Exercise brief >> Go to the line containing "Bronze sculpture of Tom Wills." in the listing below. Output that line and each later one exactly.
BEGIN Data block
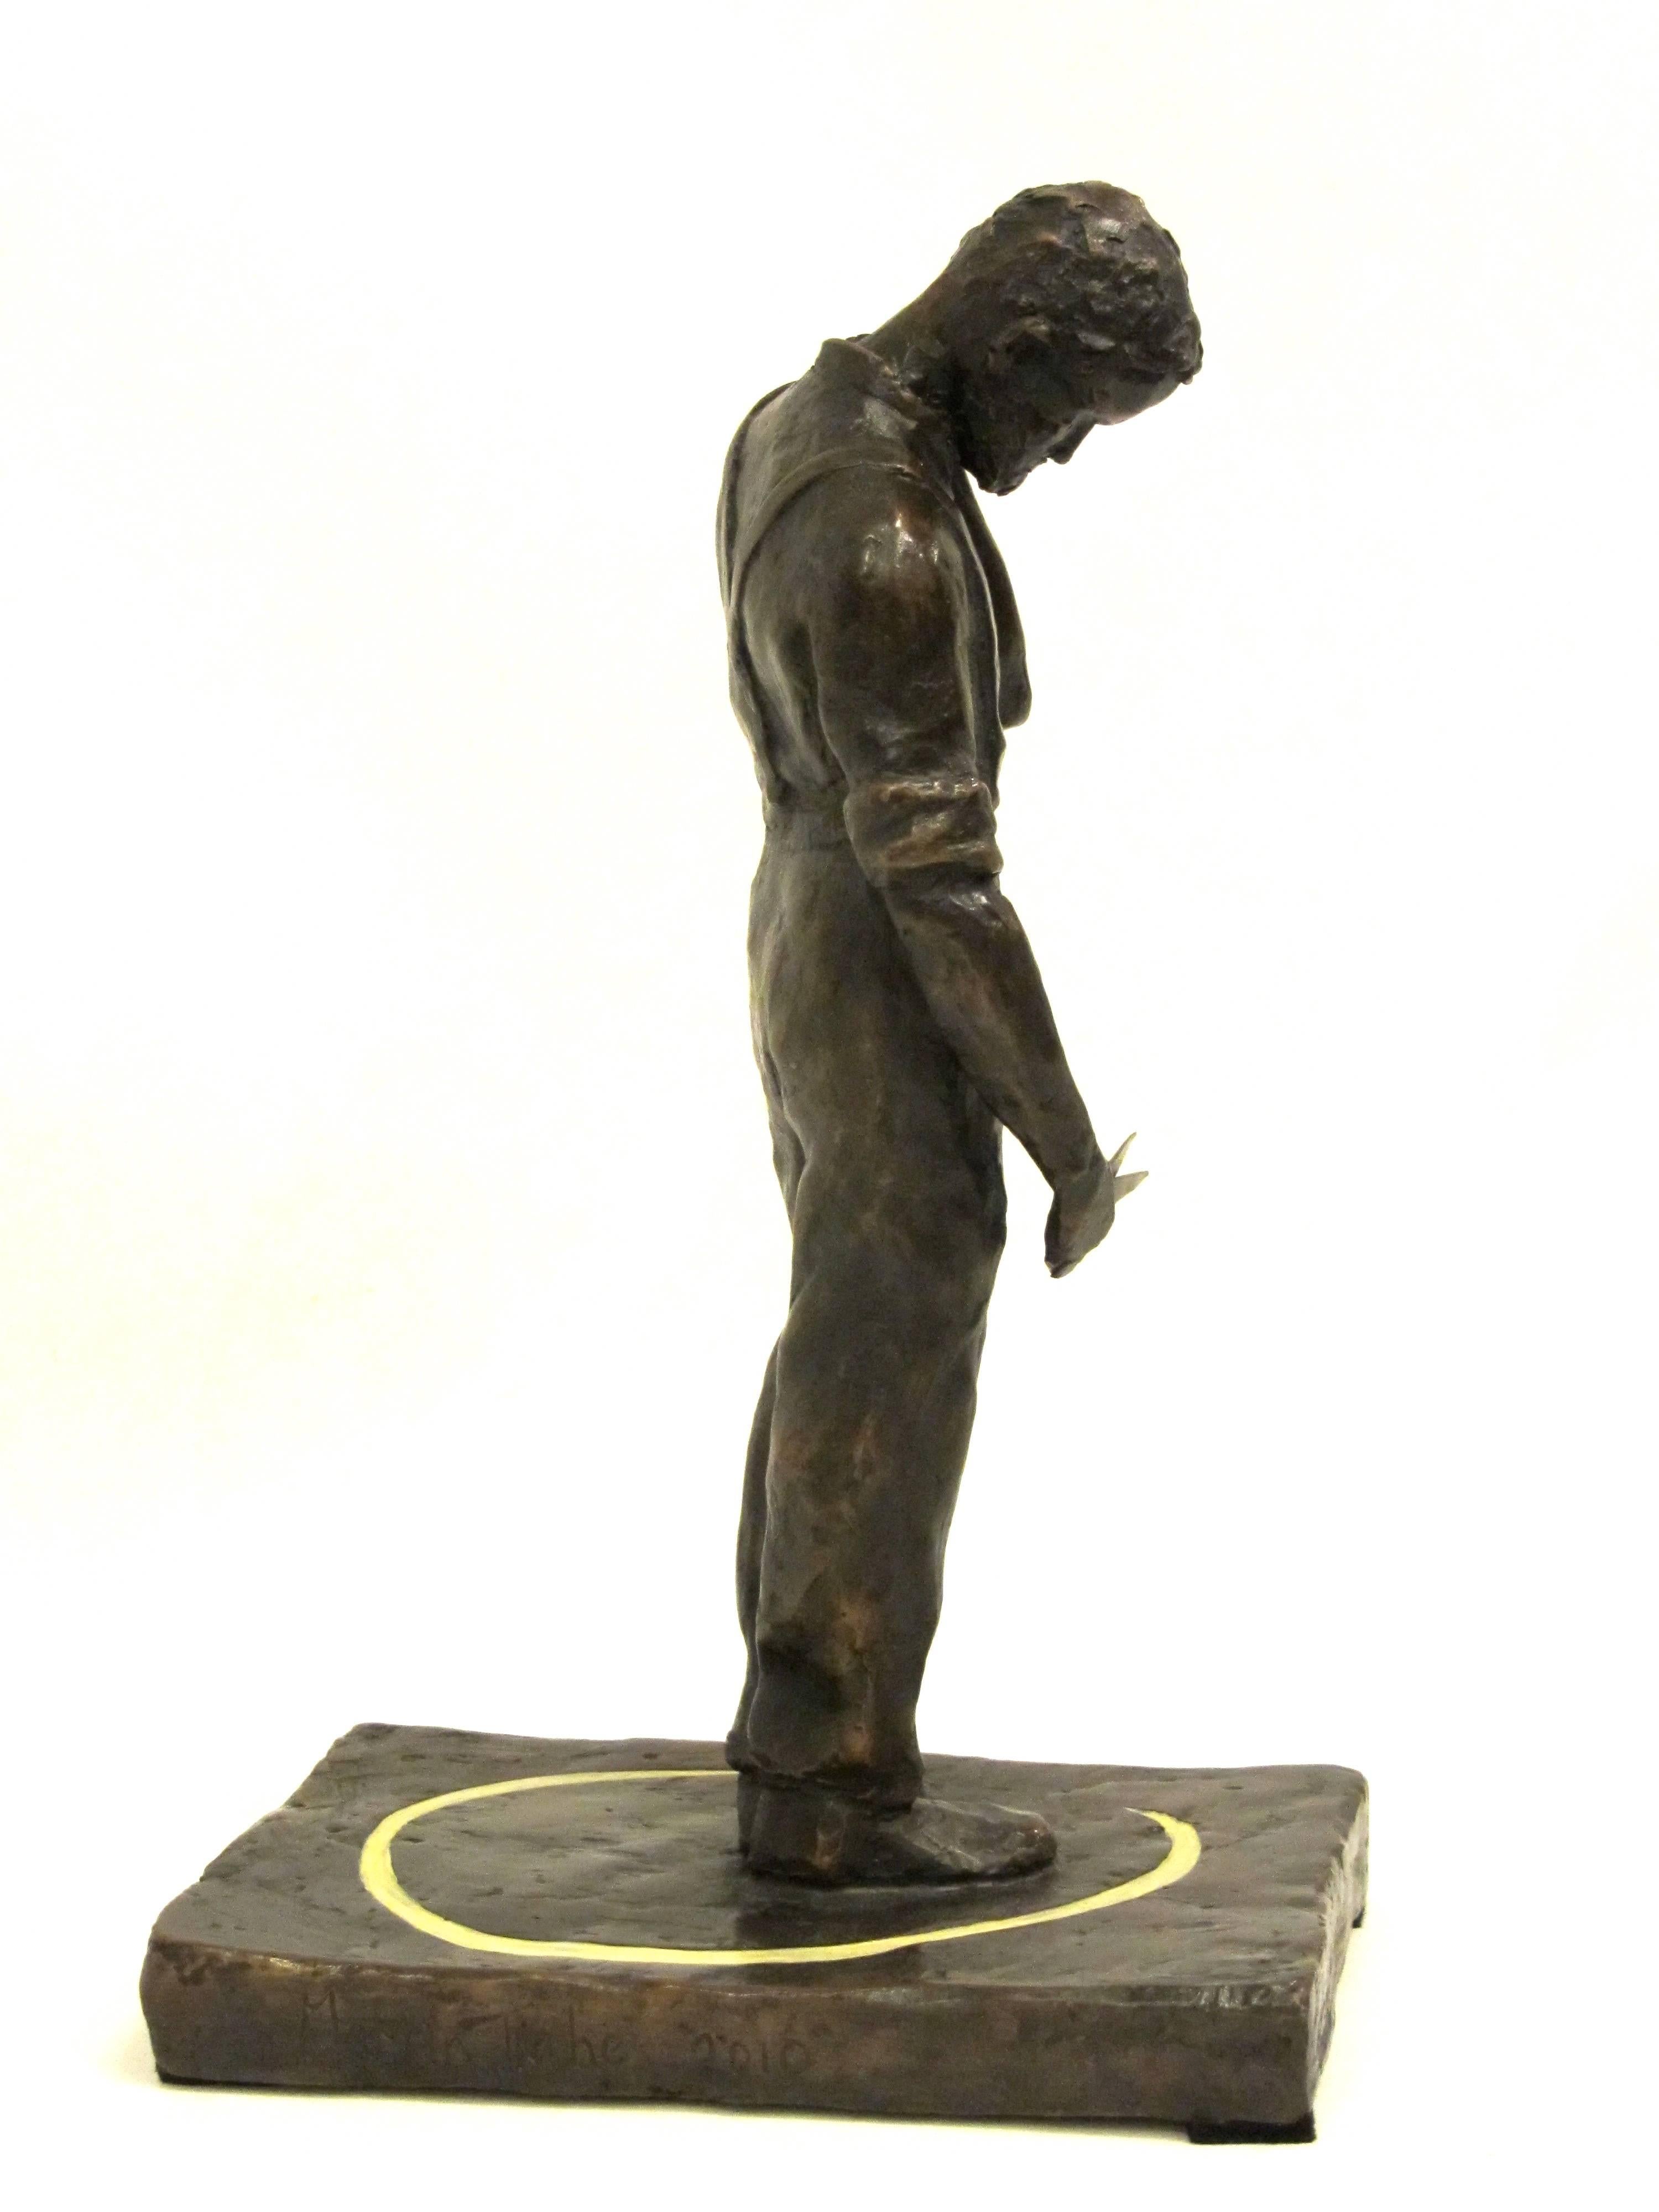 'Tom Wills'

Martin Tighe

Bronze sculpture of Tom Wills. 

Tom Wills was born in 1835 near Gundagai, NSW. Tom was an Australian all-round sportsman, umpire, coach and administrator who is credited with being a catalyst towards the invention
END Data block
Response to the exercise >>
Bronze sculpture of Tom Wills. 

Tom Wills was born in 1835 near Gundagai, NSW. Tom was an Australian all-round sportsman, umpire, coach and administrator who is credited with being a catalyst towards the invention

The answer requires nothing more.